DATA SECTION
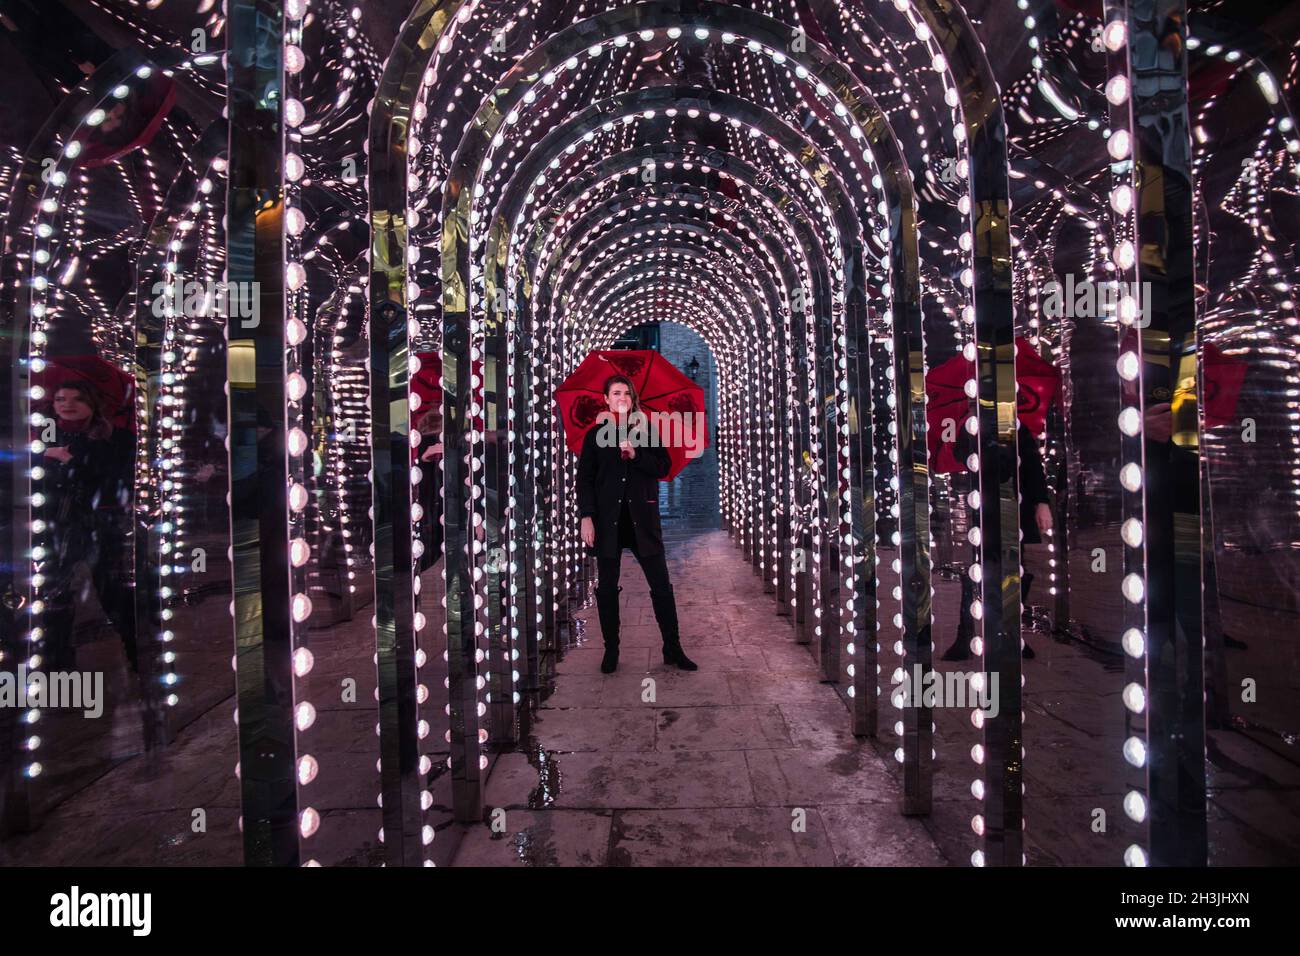 London, UK. 29th Oct, 2021. In the heart of the west end ahead of Christmas, this corridor of light illuminate the city.Paul Quezada-Neiman/Alamy Live News Credit: Paul Quezada-Neiman/Alamy Live News Stock Photo
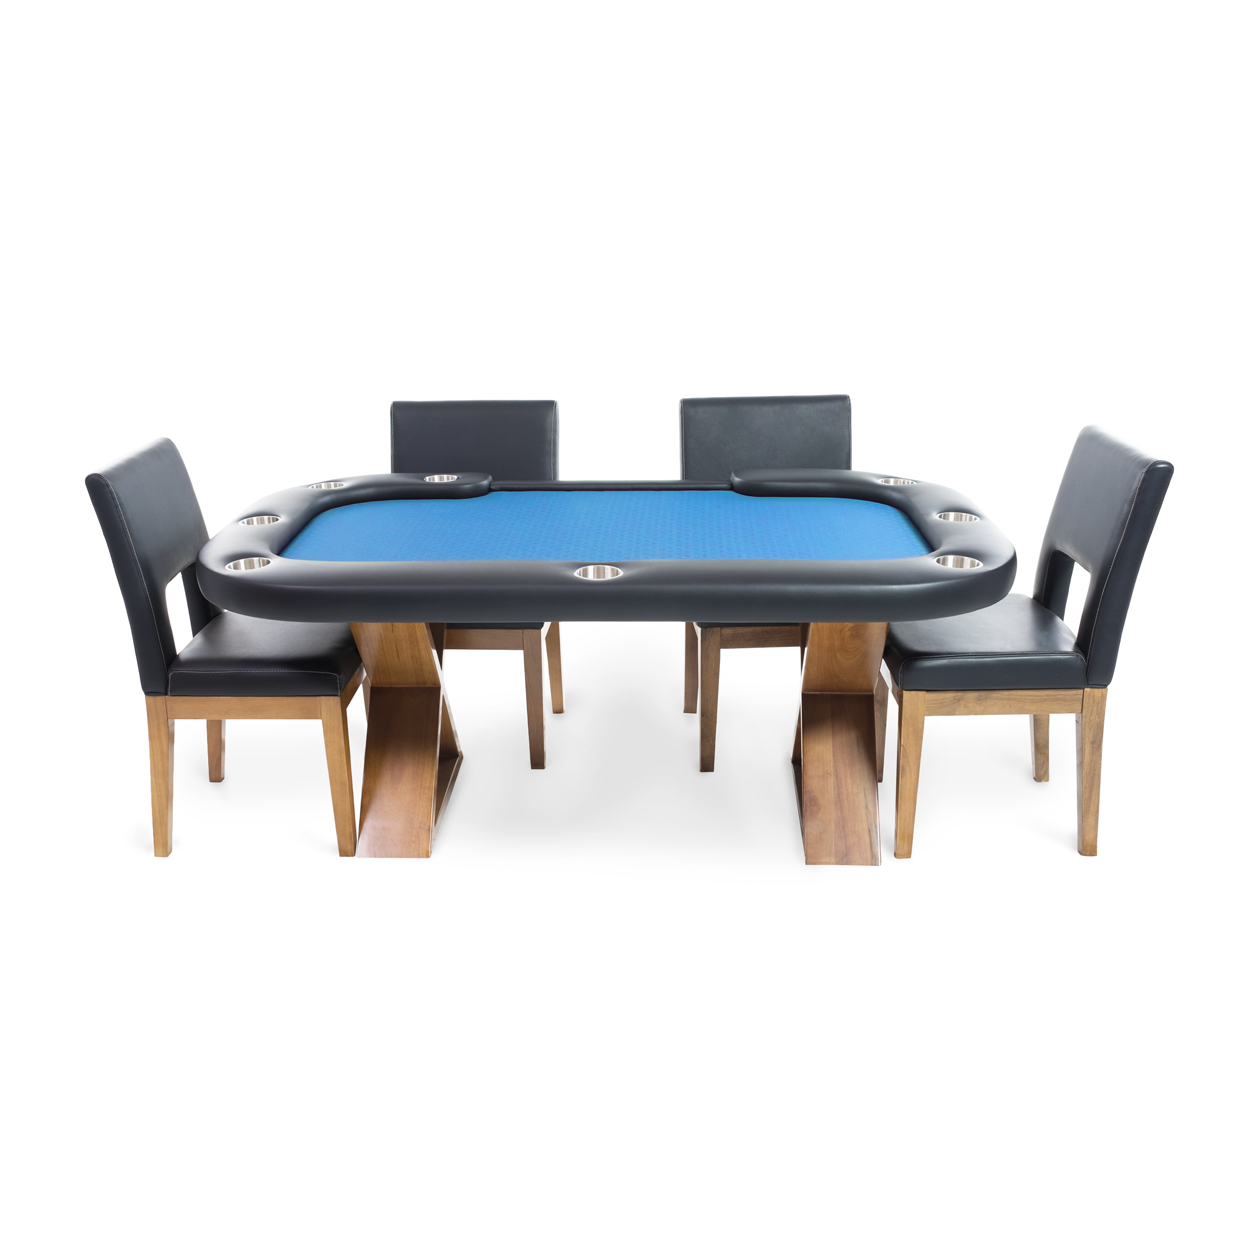 BBO Helmsley Poker Table Dealers Cut Blue and Chairs
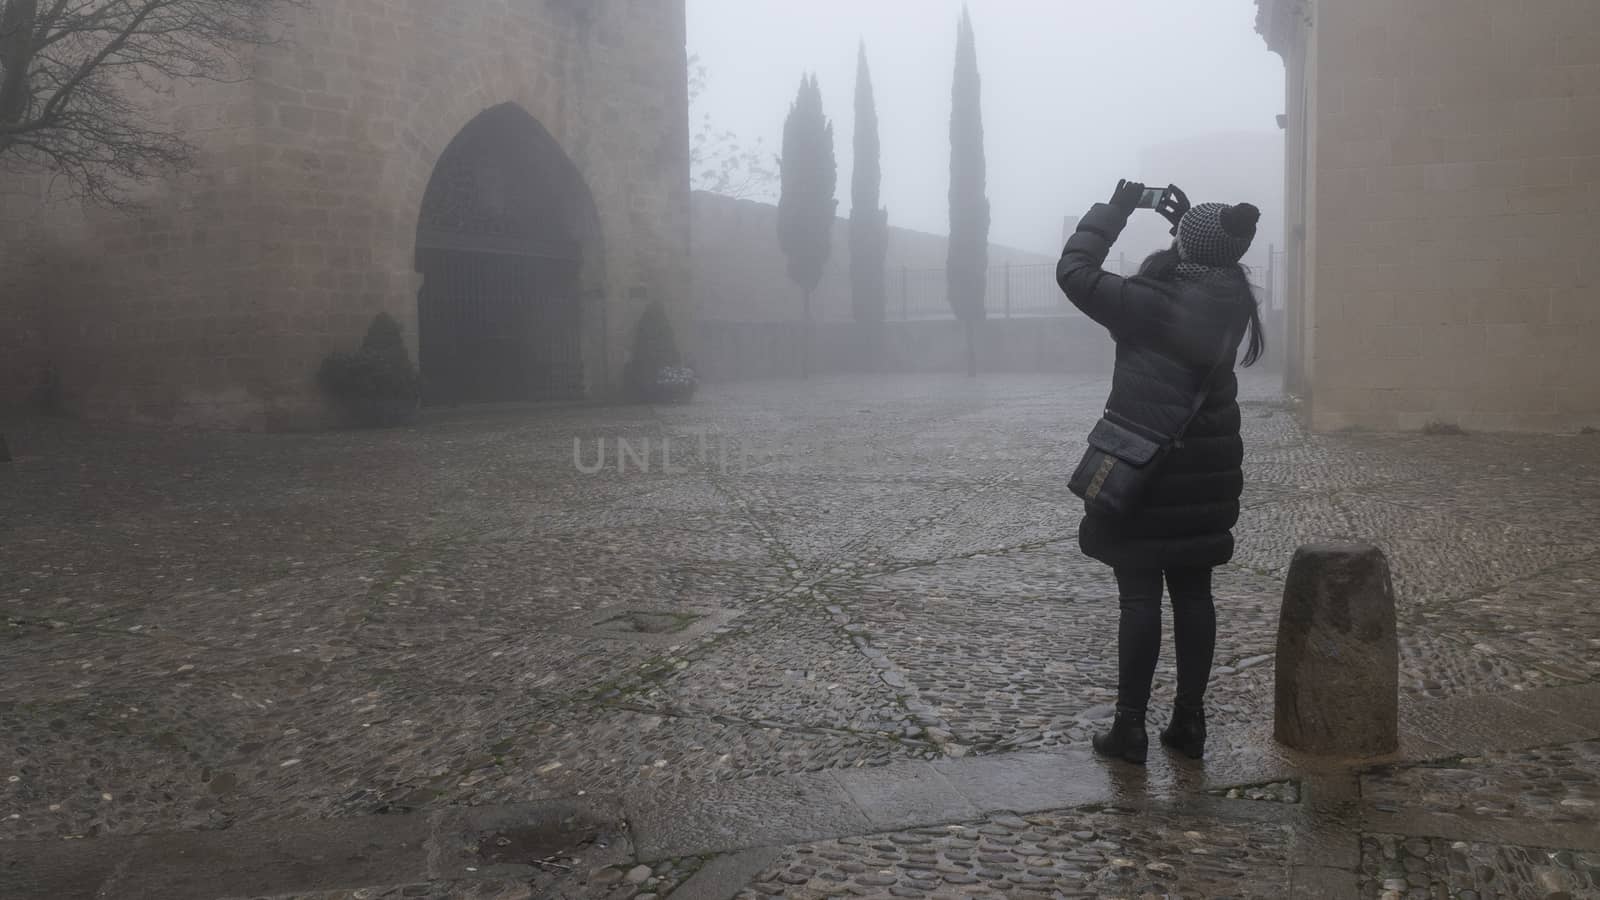 Woman shooting photograph in the fog by nachrc2001

WORK REQUIRED
Without including any picture, repeat the data exactly.

OUTPUT FOR THIS EXERCISE
 London, UK. 29th Oct, 2021. In the heart of the west end ahead of Christmas, this corridor of light illuminate the city.Paul Quezada-Neiman/Alamy Live News Credit: Paul Quezada-Neiman/Alamy Live News Stock Photo
 BBO Helmsley Poker Table Dealers Cut Blue and Chairs
 Woman shooting photograph in the fog by nachrc2001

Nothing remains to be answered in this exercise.